In OSMS instruments, a statement is rated on multiple scales. These responses may be locally dependent because they are connected with the same statement. Because of the sequence of these responses, the resulting carry-over effect is nonrecursive: A response can be affected only by its preceding response, not by its subsequent response. Existing IRT models fail to consider the carry-over effect in OSMS instruments. In this study, the MMCEO was proposed, in which the item responses on the first scale followed standard IRT models (e.g., the GPCM), and those on the second scale have additional carry-over effect η parameters. The MMCEO can be generalized to more than two scales, and the carry-over effect across statements can be constrained when appropriate.

Two simulation studies were conducted to assess the parameter recovery of the MMCEO and the consequences of ignoring the carry-over effect on parameter estimation. Simulation results demonstrated that the parameters of the MMCEO could be recovered fairly well with WinBUGS, even when there was no carry-over effect. Moreover, fitting the unnecessarily complicated MMCEO did little harm on the parameter estimation and yielded close to zero estimates for the η parameters; ignoring the carry-over effect by fitting standard IRT models (e.g., the GPCM) yielded biased estimates for the item parameters of Scale 2, the correlation between latent traits, and the test reliability. Finally, the DIC appeared very powerful in selecting true models.

Two empirical examples were provided to demonstrate implications and applications of the MMCEO. The first example was about school-bullying behaviors, using the parallel design with frequency and severity scales. The results revealed positive carry-over effects, in which an endorsement of high frequency of a bullying behavior tended to exaggerate the next endorsement of high severity of the same bullying behavior. The latent traits of frequency and severity were nearly uncorrelated. The second example was about verbal aggression, using the sequential design. Similar results to those in the first empirical example were found. The positive carry-over effects indicated that an endorsement of high degree on the want scale tended to exaggerate the next endorsement of high degree on the do scale. It was observed that the LID in sequential design could be eliminated when there was sufficient time gap or distracting work between responding to two scales (Wang et al., 2005). The verbal aggression data, not having a time gap or distracting work between scales, revealed a carry-over effect.

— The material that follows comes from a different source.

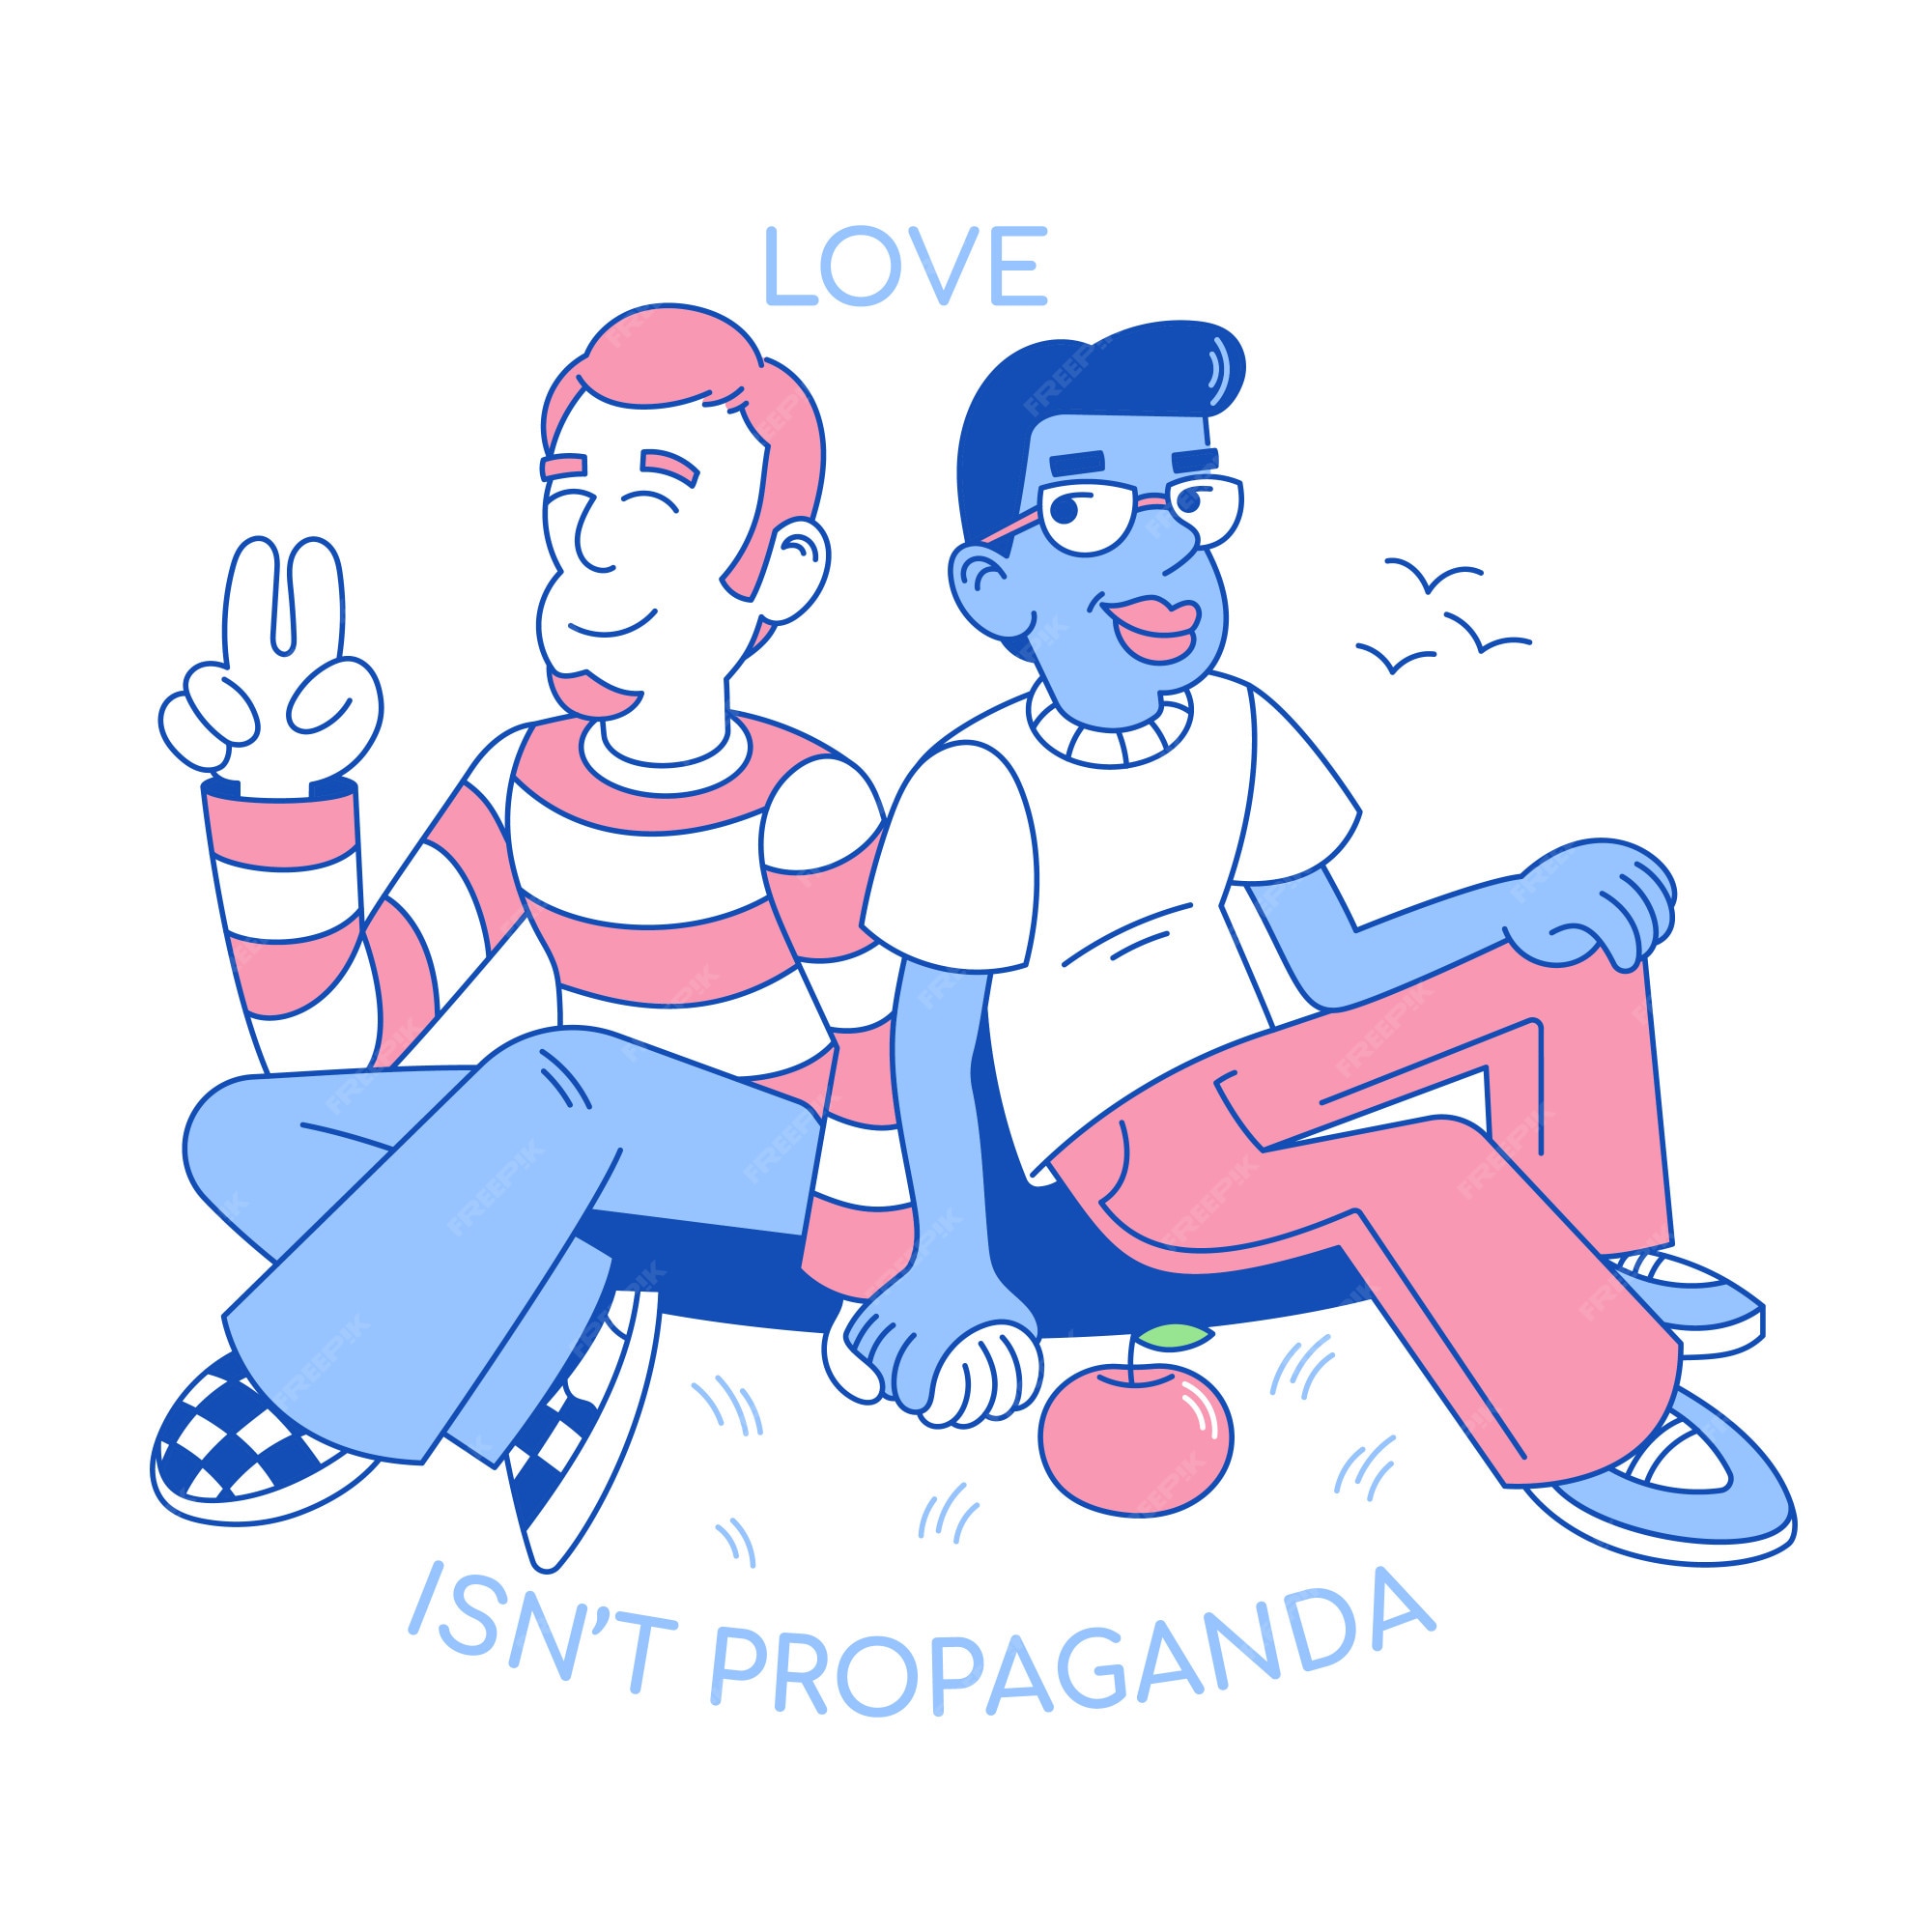 Personajes de dibujos animados en diseño plano, ilustración con dos hombres  lgbt de amor juntos, amistades homosexuales entre una sonrisa linda y  muchachos gays felices. | Vector Premium

The MMCEO can be further extended to describe more complicated carry-over effect. For example, different groups of respondents (e.g., males and females) may exhibit different carry-over effects when responding to OSMS instruments. Furthermore, the group membership may be latent, which calls for mixture IRT models (Rost, 1990; Rost & Langeheine, 1997). The carry-over effect η parameters can be random effects, indicating that different respondents exhibit different amounts of carry-over effect (De Boeck, 2008). Model extensions often come at the price of large amounts of data. Future studies could be conducted to develop additional general models for complicated carry-over effects and to evaluate their performance under different conditions (e.g., test length and sample size).

Appendix

Appendix.

WinBUGS Codes for the MMCEO of Simulation Study 1

# N is the number of persons;
# T is the number of items in a scale;
# r is the data matrix with N rows and T*2 columns;
# alpha is the item slope;
# delta is the item threshold;
# theta is the latent trait;
# rho is the correlation between two latent traits;
# eta is the carry-over effect from the first item onto the second item of a statement;
model {
 for (i in 1:N) {
  theta[i,1:2] ~ dmnorm(mu[1:2], I_cov[1:2, 1:2])
  # for the first scale
  for (j in 1:T) {
   Q[i,j,1] <- 1
   Q[i,j,2] <- Q[i,j,1]*exp(alpha[j]*(theta[i,1] − delta[j,1]))
   Q[i,j,3] <- Q[i,j,2]*exp(alpha[j]*(theta[i,1] − delta[j,2]))
   Q[i,j,4] <- Q[i,j,3]*exp(alpha[j]*(theta[i,1] − delta[j,3]))
   denom[i,j] <- sum(Q[i,j,])
   PP[i,j,1] <- Q[i,j,1]/denom[i,j]
   PP[i,j,2] <- Q[i,j,2]/denom[i,j]
   PP[i,j,3] <- Q[i,j,3]/denom[i,j]
   PP[i,j,4] <- Q[i,j,4]/denom[i,j]
   r[i,j] ~ dcat(PP[i,j,])
  }
  # for the second scale
  for (j in (T + 1):(2*T)) {
   Q[i,j,1] <- 1
   Q[i,j,2] <- Q[i,j,1]*exp(alpha[j]*(theta[i,2] − delta[j,1] + eta[j-T,r[i,j-T]]))
   Q[i,j,3] <- Q[i,j,2]*exp(alpha[j]*(theta[i,2] − delta[j,2] + eta[j-T,r[i,j-T]]))
   Q[i,j,4] <- Q[i,j,3]*exp(alpha[j]*(theta[i,2] − delta[j,3] + eta[j-T,r[i,j-T]]))
   denom[i,j] <- sum(Q[i,j,])
   PP[i,j,1] <- Q[i,j,1]/denom[i,j]
   PP[i,j,2] <- Q[i,j,2]/denom[i,j]
   PP[i,j,3] <- Q[i,j,3]/denom[i,j]
   PP[i,j,4] <- Q[i,j,4]/denom[i,j]
  r[i,j] ~ dcat(PP[i,j,])
  }
 }
 # Priors
 mu[1] <- 0
 mu[2] <- 0
 rho ~ dunif(−1, 1)
 covm[1,1] <- 1
 covm[1,2] <- rho
 covm[2,1] <- rho
 covm[2,2] <- 1
 I_cov[1:2, 1:2] <- inverse(covm[1:2, 1:2])
 for (j in 1:(2*T)) {
   alpha[j] ~ dlnorm(0, 0.1)
   for (k in 1:3) {
    delta[j,1] ~ dnorm(0, 0.1)
    delta[j,2] ~ dnorm(0, 0.1)
    delta[j,3] ~ dnorm(0, 0.1)
   }
 }
 for (j in 1:T) {
  eta[j,1] <- 0
  eta[j,2] ~ dnorm(0, 0.1)
  eta[j,3] ~ dnorm(0, 0.1)
  eta[j,4] ~ dnorm(0, 0.1)
 }
}

Note. MMCEO = multidimensional model for carry-over effect in OSMS.

Footnotes

Declaration of Conflicting Interests: The author(s) declared no potential conflicts of interest with respect to the research, authorship, and/or publication of this article.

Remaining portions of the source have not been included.